How I Learned to Stop Worrying and Love AI

Artificial Intelligence will change the world and your work. But how it changes is up to you. Here are a few things I’ve learned working with AI and ML that may help you calm your nerves and step bravely into a rapidly evolving future.


The first thing I did when given access to unparalleled machine intelligence? I used GPT-3 to create clues in rhymed couplet format for a scavenger hunt in my Brooklyn neighborhood for my son’s 13th birthday party. And then asked for cocktail suggestions based on the meager contents of my liquor cabinet. Neither changed the course of human history. Both were a raging success.

Why was my liquor cabinet so depleted, you ask?

Because 2022 and 2023 have been the best of times and the worst of times for the tech industry. A dramatic loss in jobs as companies adjust to the inflationary macroeconomic environment and cut costs has come at the same time as a Cambrian explosion in technology innovation. 

A ton of powerful breakthroughs have landed at once, powered by machine learning and artificial intelligence. Speech recognition, natural language processing, computer vision, Large Language Models, oh my! These are not brand new capabilities but they have been unleashed by an unprecedented capability for processing, coupled with vast troves of data and the ability of machines to make sense of a larger number of inputs in the form of human expressions such as doodles, scribbles, and images. 

And perhaps one of the biggest unlocks when it comes to driving innovation: access to these AI capabilities has been democratized via an intuitive conversational interface; no math is required! When OpenAI’s ChatGPT exploded onto the scene in November 2022, it reached 100M active users in just two months, setting the record for the fastest-growing application ever. Regular folks can now “speak machine” and conjure all manner of ‘original’ works.

OpenAI’s ChatGPT reached 100M active users in just two months, setting the record for the fastest-growing application ever

As a result of this confluence of technical advancements, we are both at a genuine inflection point and the AI hype cycle is at its frothy peak. Projections of its massive economic potential and societal impact have become daily fodder for mainstream media, global think tanks, management consultancies, and LinkedIn AI influencers carpet-bombing your feed with content offering you the formula for how to 10x your productivity/revenue/followers/etc.

Inside organizations, people are feeling new pressure to harness the power of AI. While a large number of the >400K professionals impacted by tech layoffs over the past two years are wondering if AI was the job killer; especially those in ‘creative’ disciplines such as design, marketing, writing, and software engineering who see the marvels of generative AI being touted as a disruptor and threat to their craft.

Cue existential dread and a collective crisis of confidence. Where do I fit in? What is my role? What will happen to this craft I’ve spent so much time and energy learning? Am I going to be replaced? When, specifically, will some kind of AI supplant humankind as the dominant intelligent species on the planet making “the very existence of the species of man a condition precarious and full of terror”? (shout out to Mary Shelley, the O.G. ‘The AI Gal’ who warned of the risks when imbuing human vitality into inanimate objects)

I don’t have the answers to these questions. And I don’t have a magic formula for success. 

However, I do have a few decades of experience honing several crafts centered on applying emerging technologies. As well as a few years of experience leading a portfolio of work at McKinsey & Company focused on evolving that firm’s operations with innovative applications of AI and on growing its capability to scale the impact of these technologies to its knowledge-intensive work. 

From this, I can draw a few observations about how to navigate the current gestalt and prepare yourself for what comes next…

Accept that these recent advances in Artificial intelligence represent—at an absolute minimum—a technology-driven disruption equivalent to the advent of the web and of mobile computing.

There will be exponential growth and transformation, with companies disrupting existing business models and ushering in an era of hyper-innovation. There will be lots of fools gold and lots of snake-oil salesmen. It is too big to ignore, yet its future is far from certain. As Bill Gates wrote, “we always overestimate the change that will occur in the next two years and underestimate the change that will occur in the next ten.” 

It seems clear already that the way we work, learn, and entertain ourselves will change.
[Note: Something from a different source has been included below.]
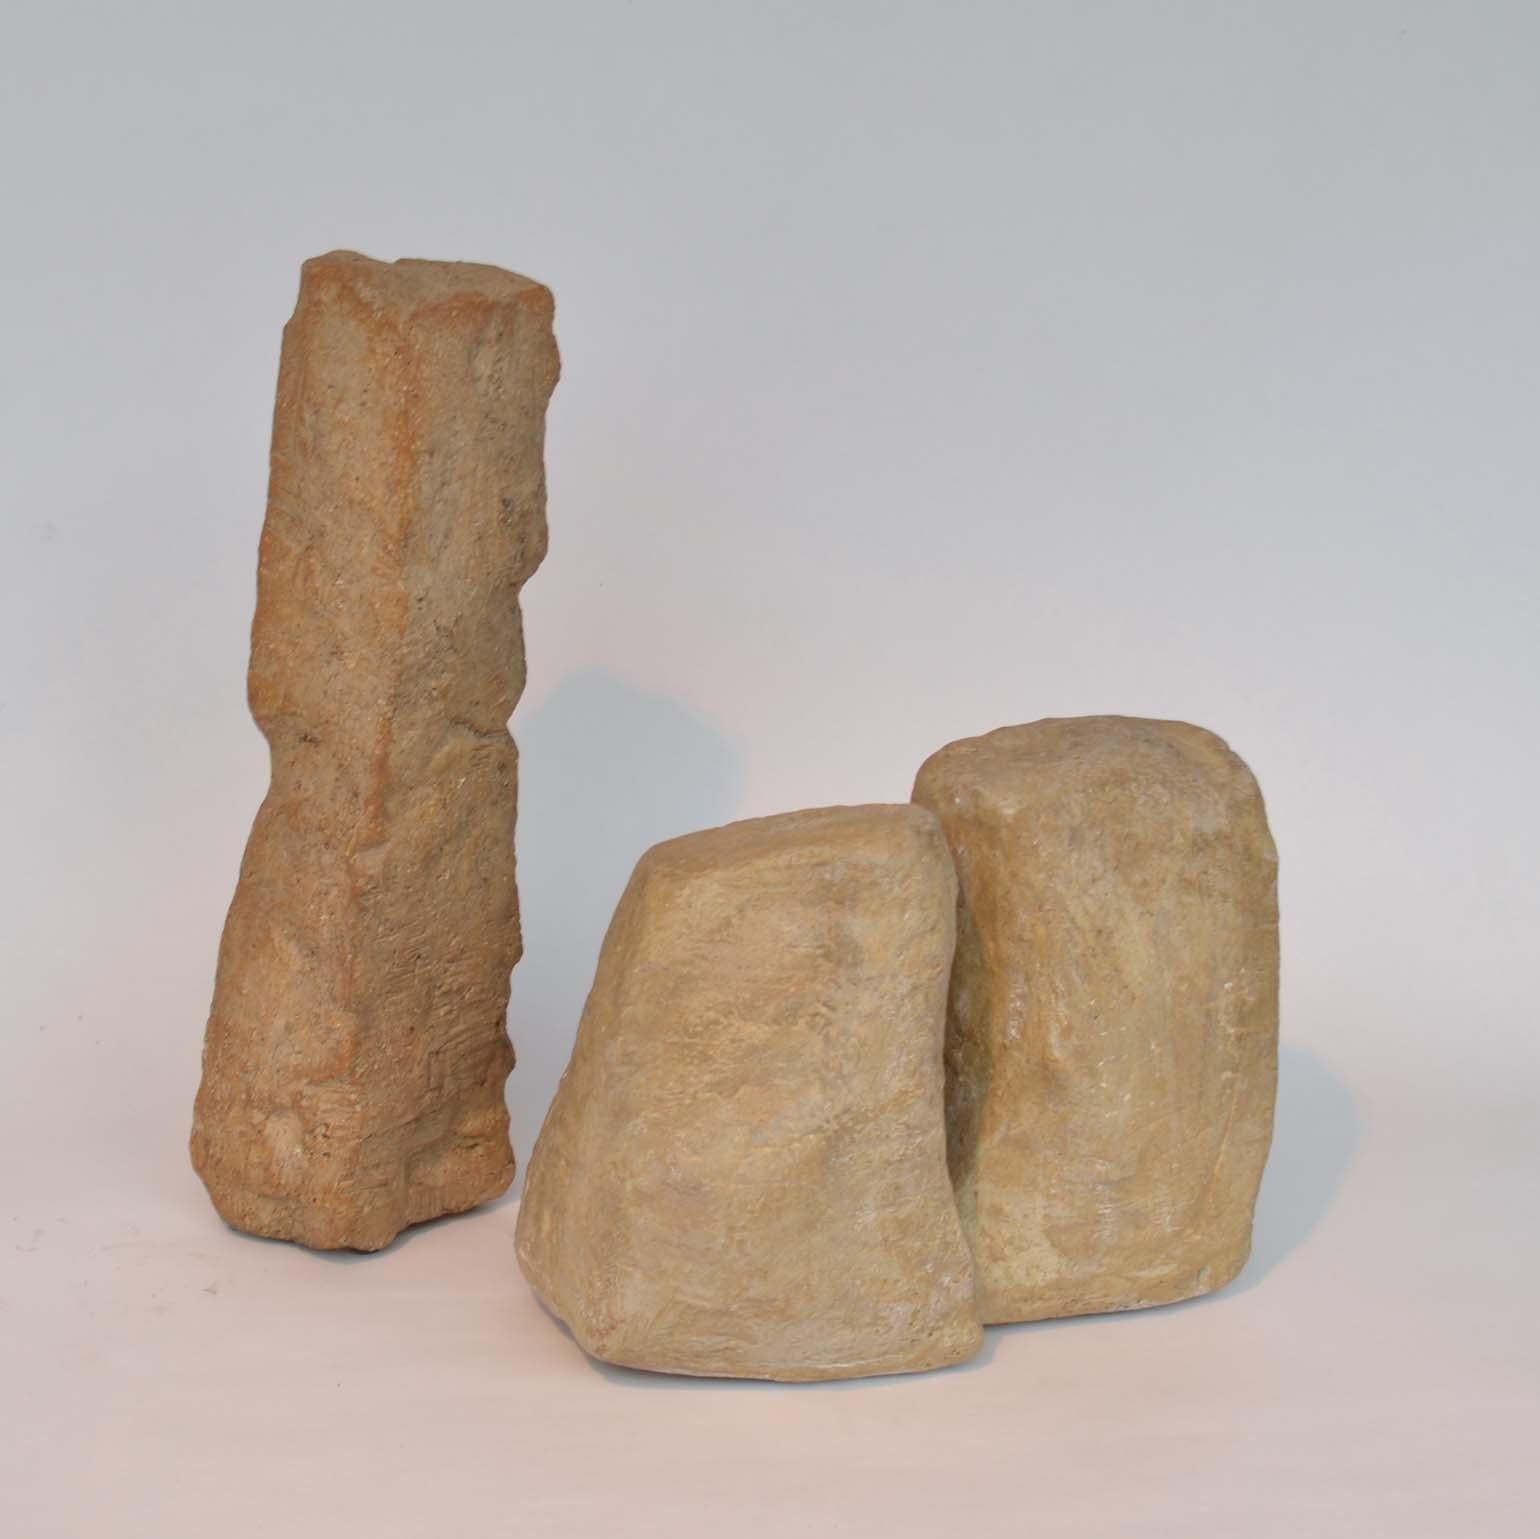 sandstone rock for sale

After all, AI has already been doing that behind the scenes for the past decade, with ML models powering large swaths of modern software and orchestrating the experiences we have mediated by digital technologies. Now, the great leap forward triggered by advances in Large Language Models has unlocked AI’s ability to make sense of a wider range of inputs and generate a wider range of human-like content, unlocking new opportunities to augment human creativity and improve productivity.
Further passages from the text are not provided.